Have any close-calls with vehicles? My better-half wants to ride cross-country (you know, the old "dip your rear wheel in the Pacific, then dip the front in the Atlantic at the end of the adventure"). We enjoy biking, but I am borderline paranoid of vehicular kamikazes.
On this thread over the next week or so I'll post pics relevant to purple martins and relate it to the journey.
But this seems a question of immediate import so I'll address it now. I worked up to this trip by commuting to my school on my bike, said bike loaded with fifty pounds in the luggage to simulate a touring weight.
What must be understood is that on a bike everything is relative to the gearing. I was running a road bike with mountain bike (ie. low) gears. Human legs work best with low effort/high spin rate pedaling (look at the guys on the Tour de France for example), most novices on the other hand tend towards high effort/low spin rate riding, this is a mistake.
You want gears low enough where you can spin the pedals at a high rate at rolling speeds as low as 5 mph. If you look at that photo (taken on the Delaware Water Gap just ten miles from my destination on the last day) you may note just how low a gear I am in after climbing to that point.
The year prior to this I rode my bike around 20 miles per day round trip to work; two hours of gentle riding, five days a week. In the months before the trip I also put in two 100-mile days. What must be understood is that those 100 miles were not
"Oh-geeze-I-have-to-ride-100-miles" days, if that were the case I'd have never finished. Instead what they were was long days pedaling easily along at no particular rate of speed.
That was the philosophy I brung on the whole trip, and it worked.
As far as safety and cars, I did indeed ride some busy roads, with no shoulder for significant stretches.
This is the mindset I applied to that....
IF I GET RUN OVER IT IS ALWAYS MY FAULT.
I don't care WHAT the law says, I was operating a slow-moving vehicle on or immediately adjacent to roadways carrying traffic travelling at normal motor vehicle speeds. I would lose any collision, big time, regardless of who was legally at fault.
I had two mirrors on the handlebars and used them constantly. Rolling along at only 10 mph or so made this task much easier. If there was any doubt at all I got off of the road surface and onto the roadside grass, stopping if necessary. One seventeen mile stretch along an overcrowded, narrow two lane highway between Anna and Vienna IL took me nearly four hours to traverse due to all the speeding tractor-trailers.

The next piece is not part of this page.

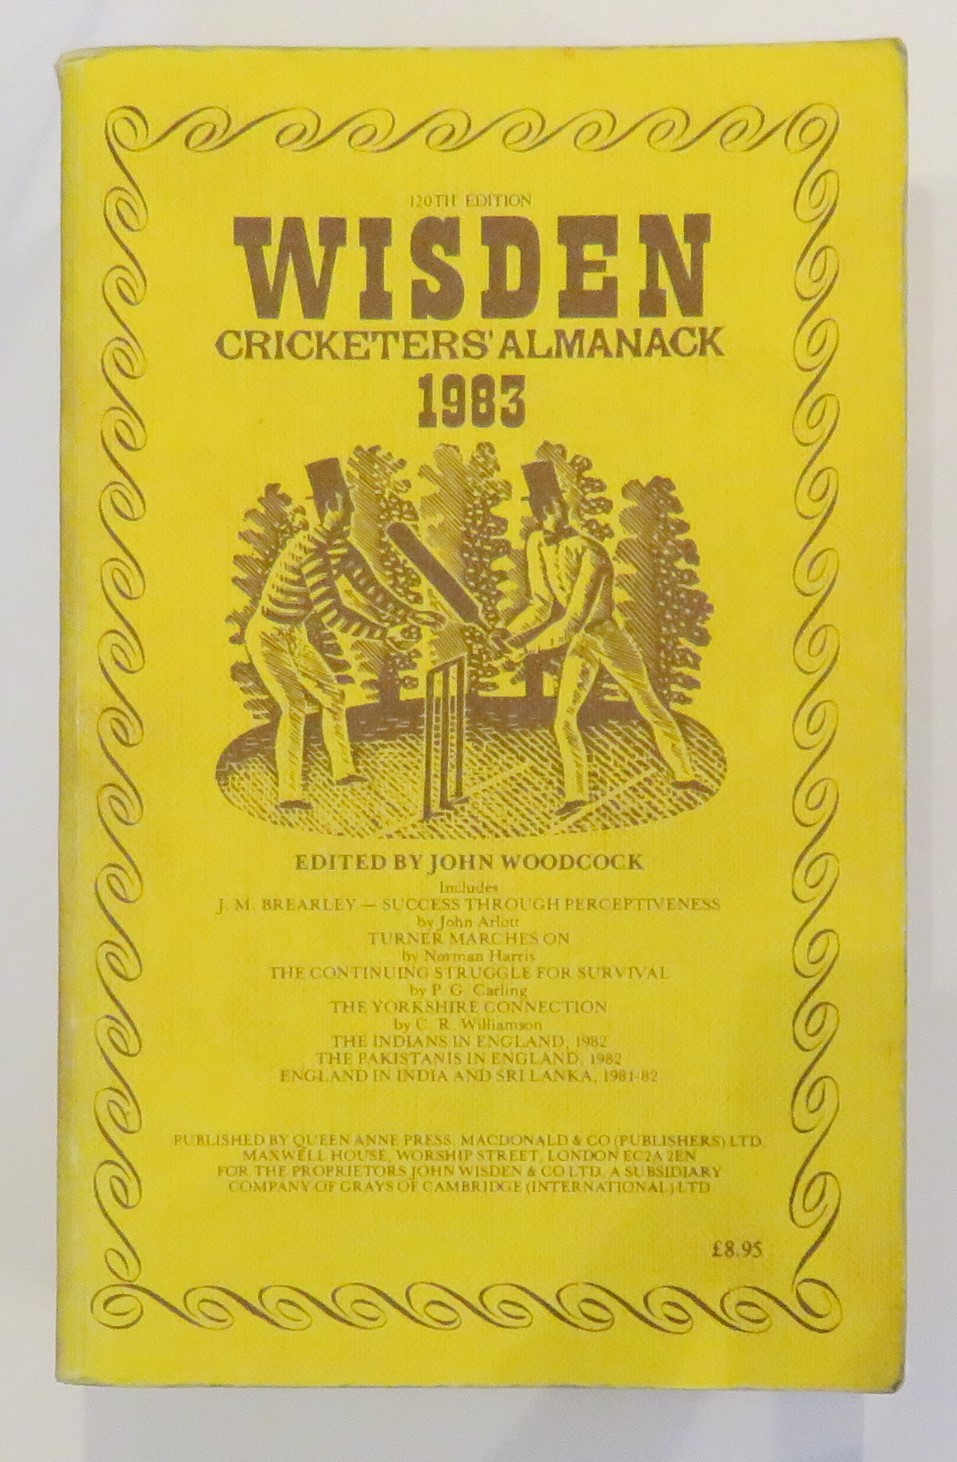 Wisden Cricketers' Almanack 1983

Later on the trip, I left Greenville OH around noontime after the passage of a strong weather front and, pushed by a steady 20mph tailwind, made 96 miles by dark. I was hoping to reach Delaware OH for a 100+ mile day just to say I had done it but when darkness fell I could no longer accurately judge the position of cars coming up from behind so I stopped for the night, just four miles short of 100, but I judged it too dangerous to proceed.